Eine Glocke kam ins Museum

Eine Glocke, die Taufglocke, die von der Stadt 1957 gestiftet worden ist, versetzte beim Läuten den Turm in Schwingungen. Zuerst war nicht klar, ob sie umgearbeitet werden kann oder ganz eingeschmolzen werden muss. Nun hat sie eine neue Heimat und wohl auch einen Ehrenplatz gefunden im Glockenmuseum Stiftskirche Herrenberg (südlich von Stuttgart). Dort war die Taufglocke willkommen, denn ihr Ton fehlte in der Sammlung noch, ferner wurde sie damals von einer Firma gegossen, die nicht mehr existiert. Auch dieser Umstand gefiel den Museumsverantwortlichen. Für Ersatz wird gesorgt: Der Initiativkreis zur Rettung der Stadtkirche bezahlt eine neue Glocke.
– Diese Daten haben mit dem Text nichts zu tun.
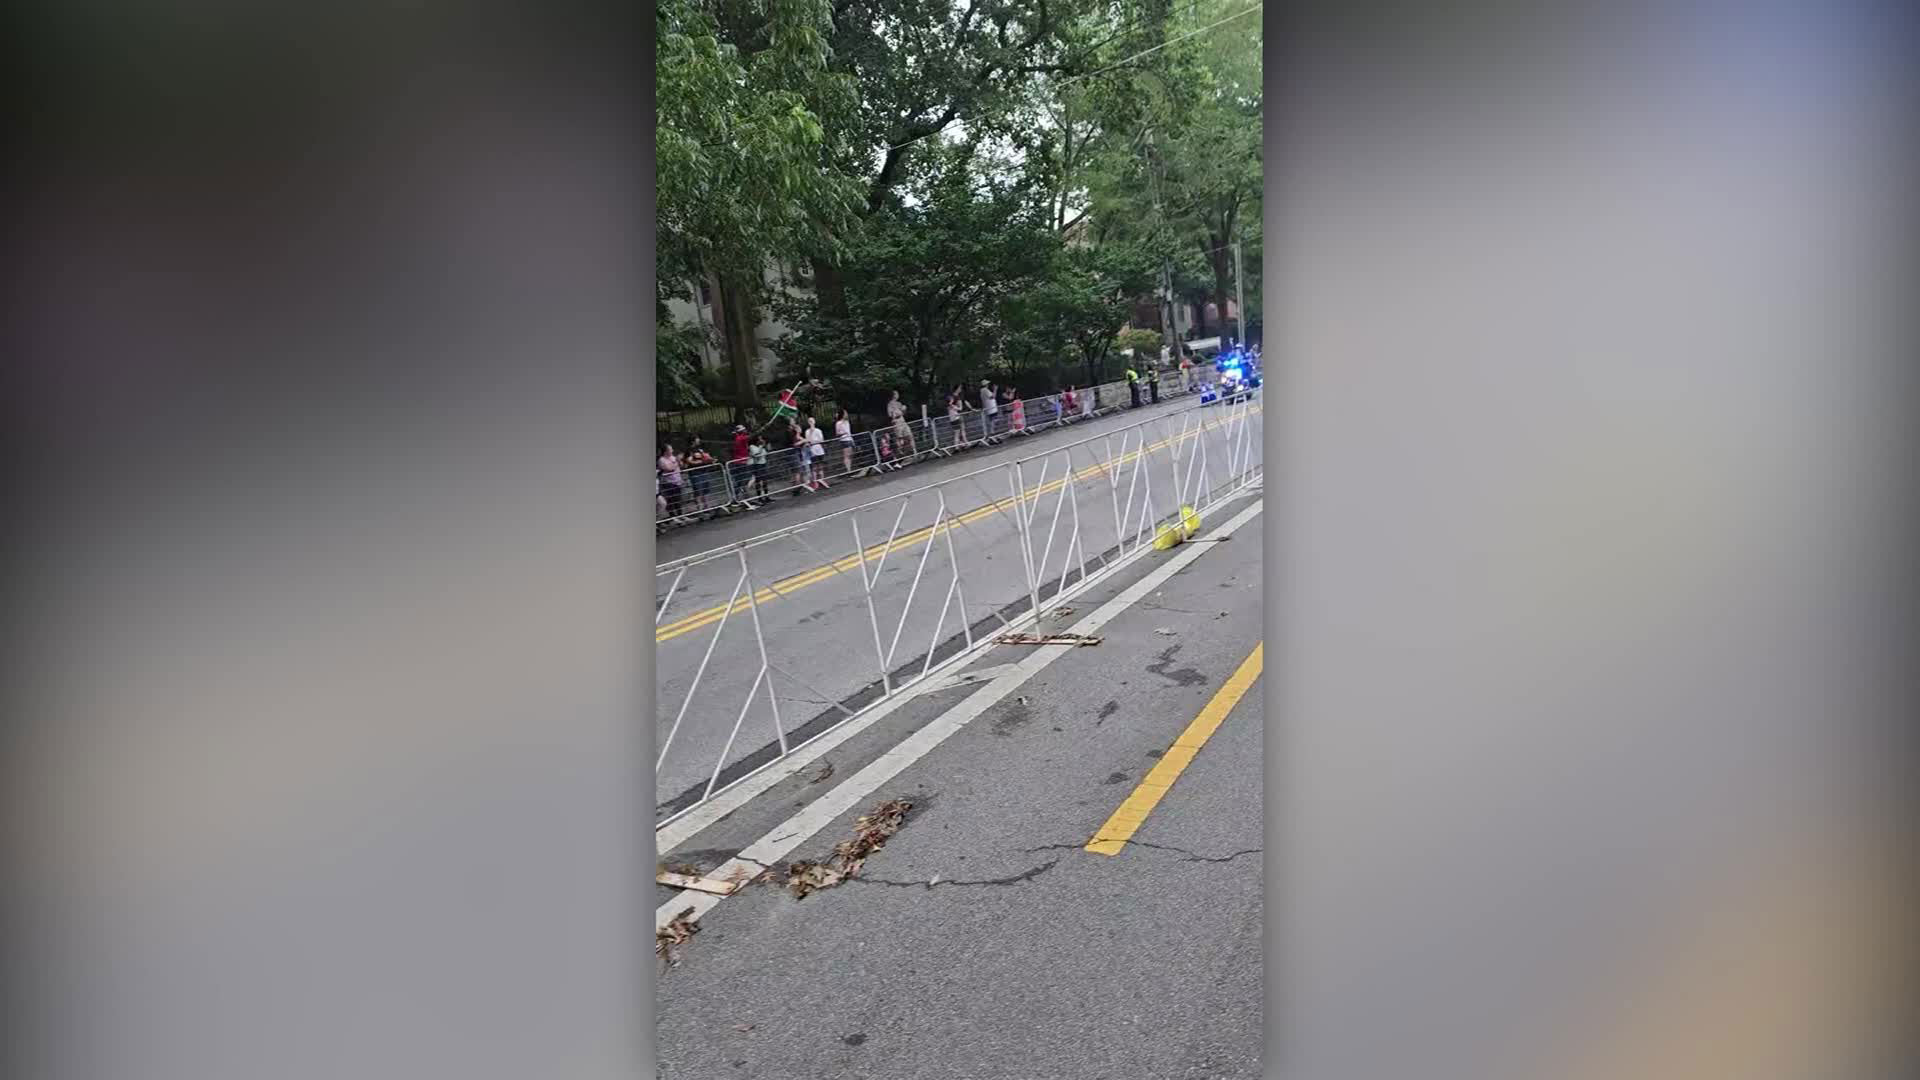 runner goes off course during race

Wenn der Turm wieder hergerichtet ist, kommen das Dach und das Kirchenschiff an die Reihe. Ab 1. März kommenden Jahres ist deswegen die Kirche für voraussichtlich drei Jahre geschlossen. Bis dahin werden die Altäre und Kunstwerke sicher verpackt, einen Einhausung wird auch die Orgel schützen. Ursprünglich war geplant gewesen, dass Teile der Kirche auch während der Bauarbeiten offen und damit benutzbar bleiben. Von diesem Vorhaben ist der Kirchenvorstand jedoch abgerückt, weil der Kirche ohne Altäre und Orgel doch einiges fehlen würde. Ferner, so gibt Geschäftsführender Pfarrer Dr. Paul-Hermann Zellfelder zu bedenken, stehen für die Bauarbeiten Gerüste im Kirchenraum. Folglich hat sich der Kirchenvorstand für die Komplett-Sperre entscheiden. „Das ist eine saubere Lösung“, so Zellfelder.

Drei Jahre in anderen Kirchen

Das bedeutet, dass ab 1. März Gottesdienste und kirchliche Feierlichkeiten nicht mehr in der Kirche St. Johannes d.T. und St. Martin stattfinden können. Eine „Abschiedsfeier“ findet am 26./27. Februar statt. Die Kirchengemeinde weicht dann für drei Jahre in die beiden anderen Evangelischen Kirchen in der Innenstadt aus, in die Dreieinigkeitskirche und in die Spitalkirche.